• _What the task asks_
Reproduce exactly, and only, the lines of the material below running from the line bearing "imagens sobre cubas" through the line bearing "Adam Krasowski |". Leave any pictures out.

• _Entries shown_
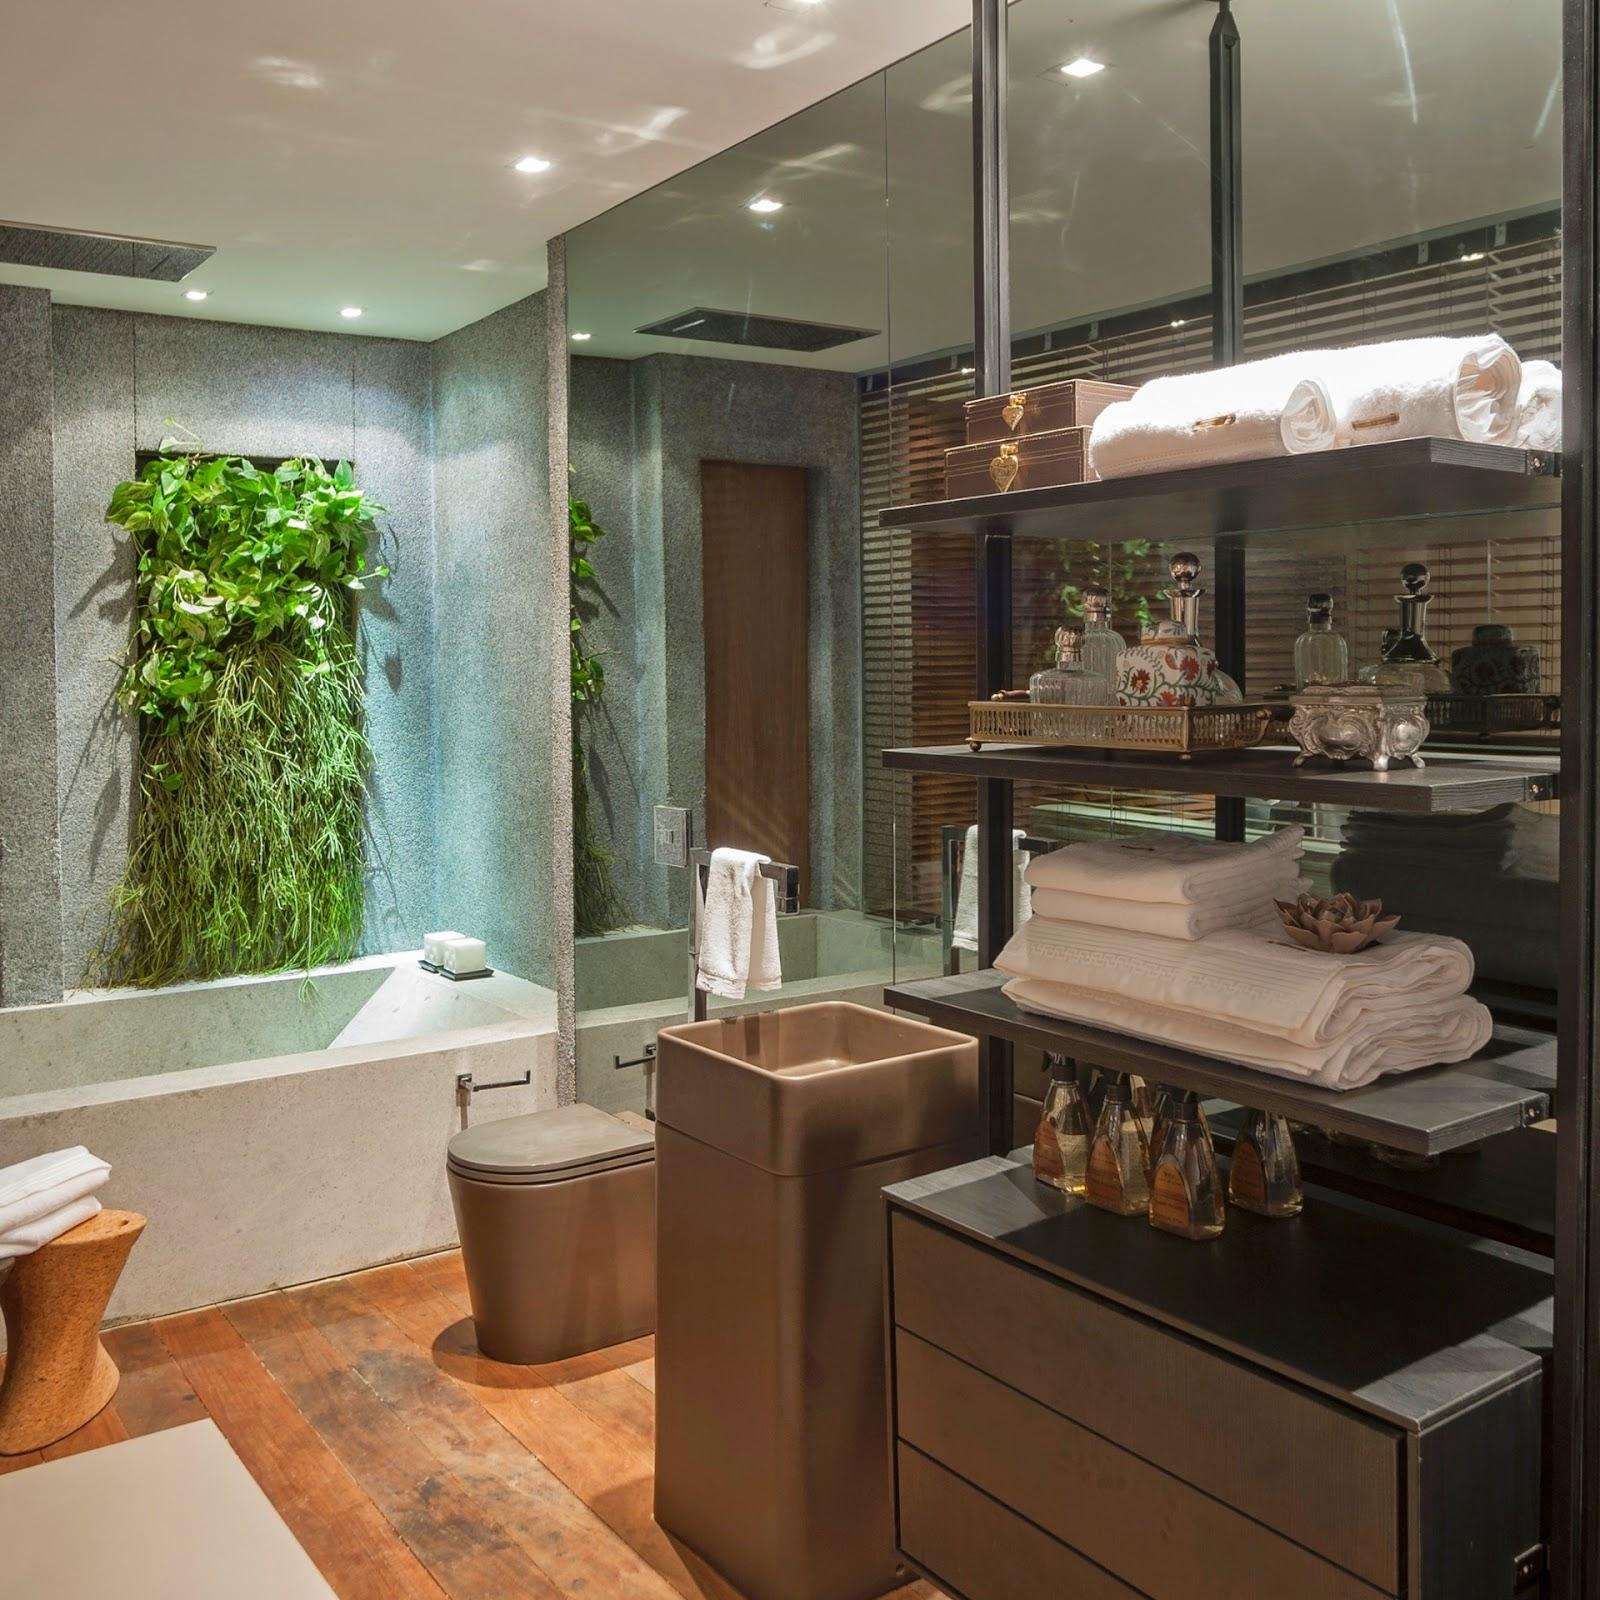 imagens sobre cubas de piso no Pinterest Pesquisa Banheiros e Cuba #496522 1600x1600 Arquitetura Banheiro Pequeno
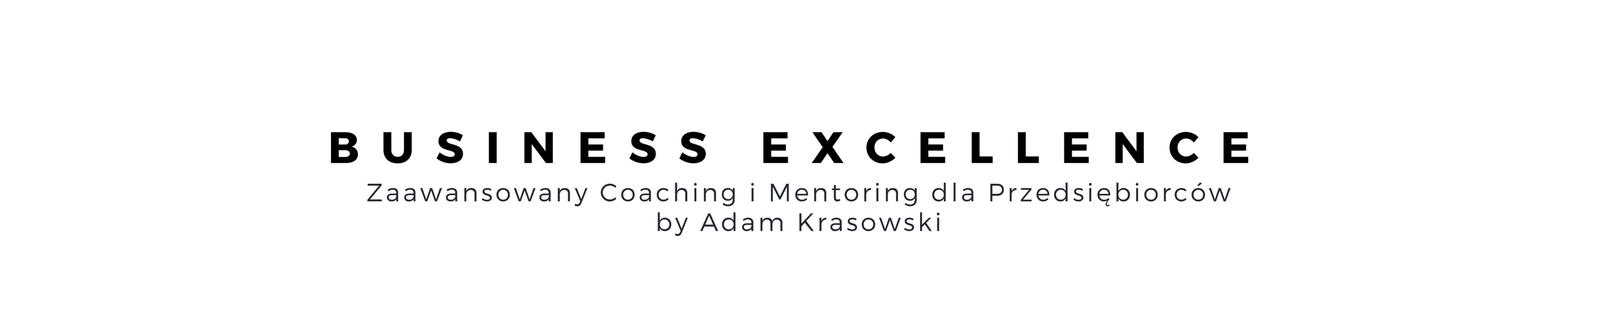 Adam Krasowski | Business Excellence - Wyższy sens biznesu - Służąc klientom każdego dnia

---

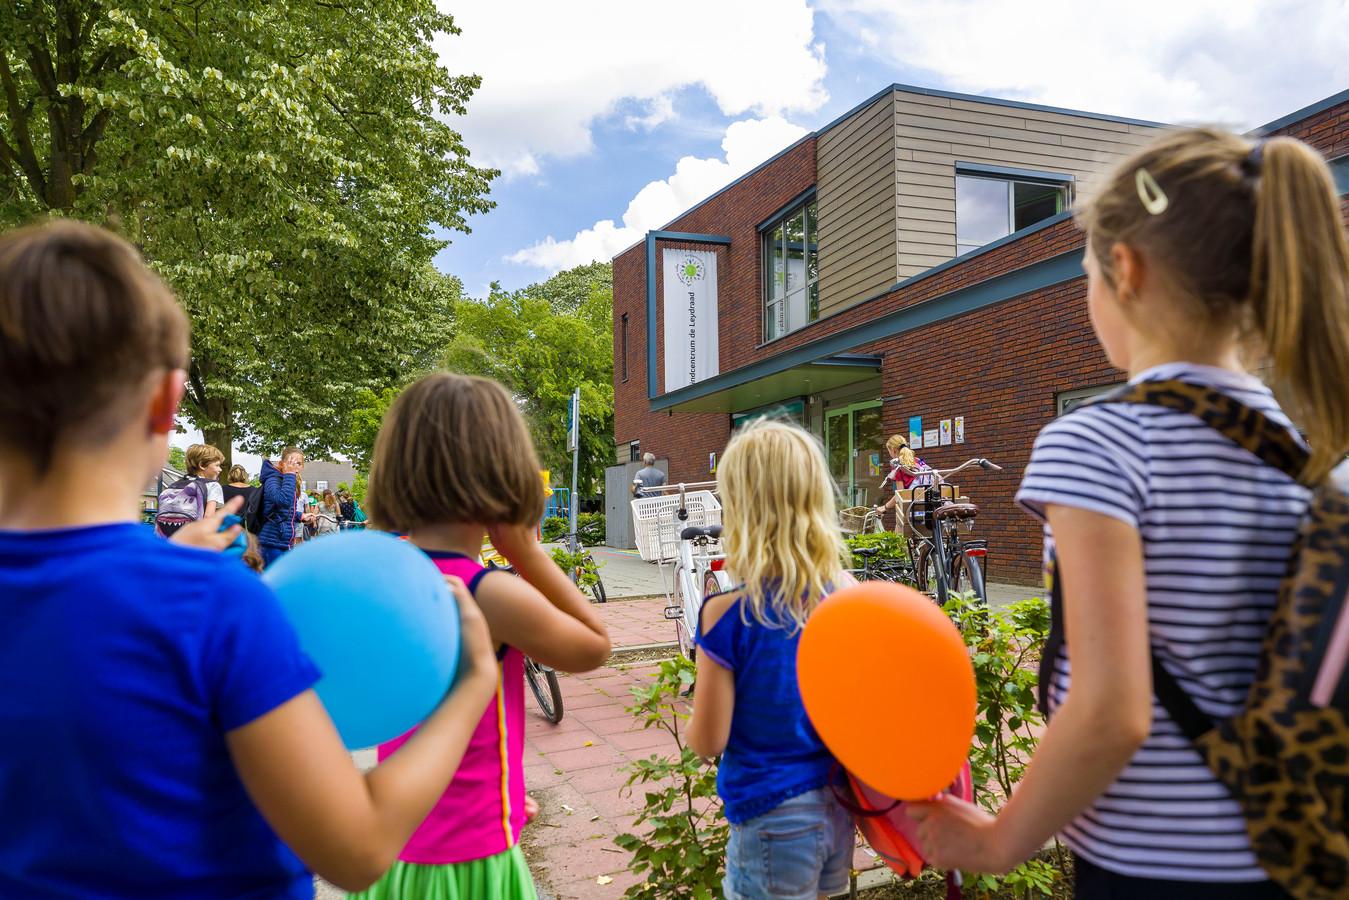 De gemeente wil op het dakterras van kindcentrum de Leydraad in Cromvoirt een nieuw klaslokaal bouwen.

• _Task solution_
 imagens sobre cubas de piso no Pinterest Pesquisa Banheiros e Cuba #496522 1600x1600 Arquitetura Banheiro Pequeno
 Adam Krasowski | Business Excellence - Wyższy sens biznesu - Służąc klientom każdego dnia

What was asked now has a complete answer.